CRÓNICA PERSONAL

Pilar Cernuda

Periodista y escritora. Analista política


El líder de la oposición

Pablo Casado quiere ser líder de la oposición. Albert Rivera también. Pablo Casado se siente avalado por las urnas, es el presidente del partido que, después del PSOE, ha conseguido el mayor número de escaños. Albert Rivera se cree avalado para el liderazgo porque es el partido de la oposición que más ha crecido, mientras que el PP se ha dejado la mitad de votos en el camino.

Los dos argumentos son válidos, y tanto en un caso como en otro, el liderazgo se conseguirá en función de cómo ejerzan sus funciones ambos a lo largo de la legislatura … y cómo les afectarán los resultados de las elecciones del 26 de mayo.

En el PP han asumido que la marca está muy deteriorada después de no haber llegado ni de lejos a las expectativas puestas en las generales, y están ahora tan pendientes de las municipales y autonómicas que confiesan abiertamente que ni siquiera les parece mal que candidatos con gran predicamento en su municipio o en su comunidad hayan dejado de lado el logo del PP. Ocurre con Borja Sémper que aspira a la alcaldía de San Sebastián y con Xavier Albiol en la de Hospitalet. Lo que sea necesario con tal de conseguir superar lo ocurrido el día 28.

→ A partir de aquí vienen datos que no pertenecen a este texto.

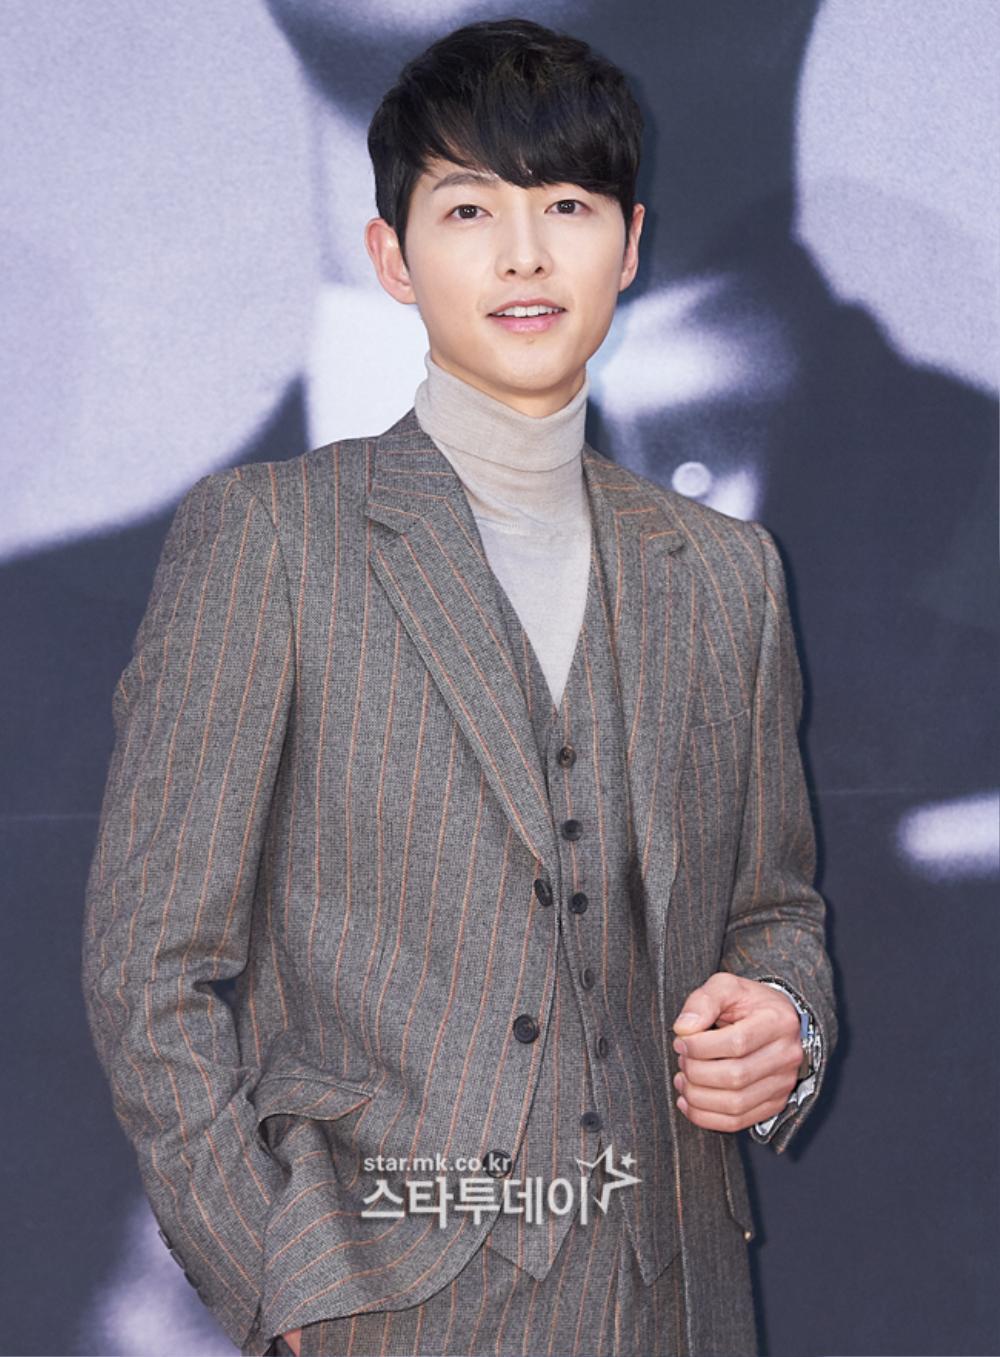 'Tình mới' không dám skinship với Song Joong Ki, rạng rỡ khoác tay Ok Taecyeon tại họp báo 'Vincenzo' Ảnh 8

Tienen la esperanza en el PP de recuperar gran parte del voto perdido, entre otras razones porque creen que los votantes de centro derecha han tenido la oportunidad de comprobar que, como decían en campaña, el PP era el único partido que podía impedir que Pedro Sánchez se mantuviera en Moncloa. Ciudadanos ha doblado su voto, pero creen en Génova que no alcanzará nunca la potencia de un partido con fuerte implantación nacional.

Rivera, que rompió con todas las previsiones de los sondeos, incluso las más positivas, está convencido de que el resultado del día 28 no va a ser una excepción en la historia de Ciudadanos, que del 26 de mayo saldrá con importante participación en gobiernos municipales y autonómicos, presidiendo incluso alguno de ellos y que en poco tiempo se convertirá en el referente del centrismo, con votantes y militantes procedentes del PP y también del PSOE.

La situación ante el 26 de mayo es más difícil para Casado y por tanto más ventajosa para Rivera. La marca PP está en baja y el presidente del partido dispone de un tiempo excesivamente corto para remontar antes del día 26. Rivera en cambio siempre tendrá un buen resultado en comparativa con las municipales y autonómicas anteriores.

Los dos políticos se juegan el liderazgo de la oposición… siempre que Sánchez pueda formar gobierno, una posibilidad que no se puede descartar aunque es difícil que Rivera mantenga su noesno: unas nuevas elecciones probablemente supondrían un cierto renacer de PP, ya que se ha visto que Vox no sirve para echar a Sánchez.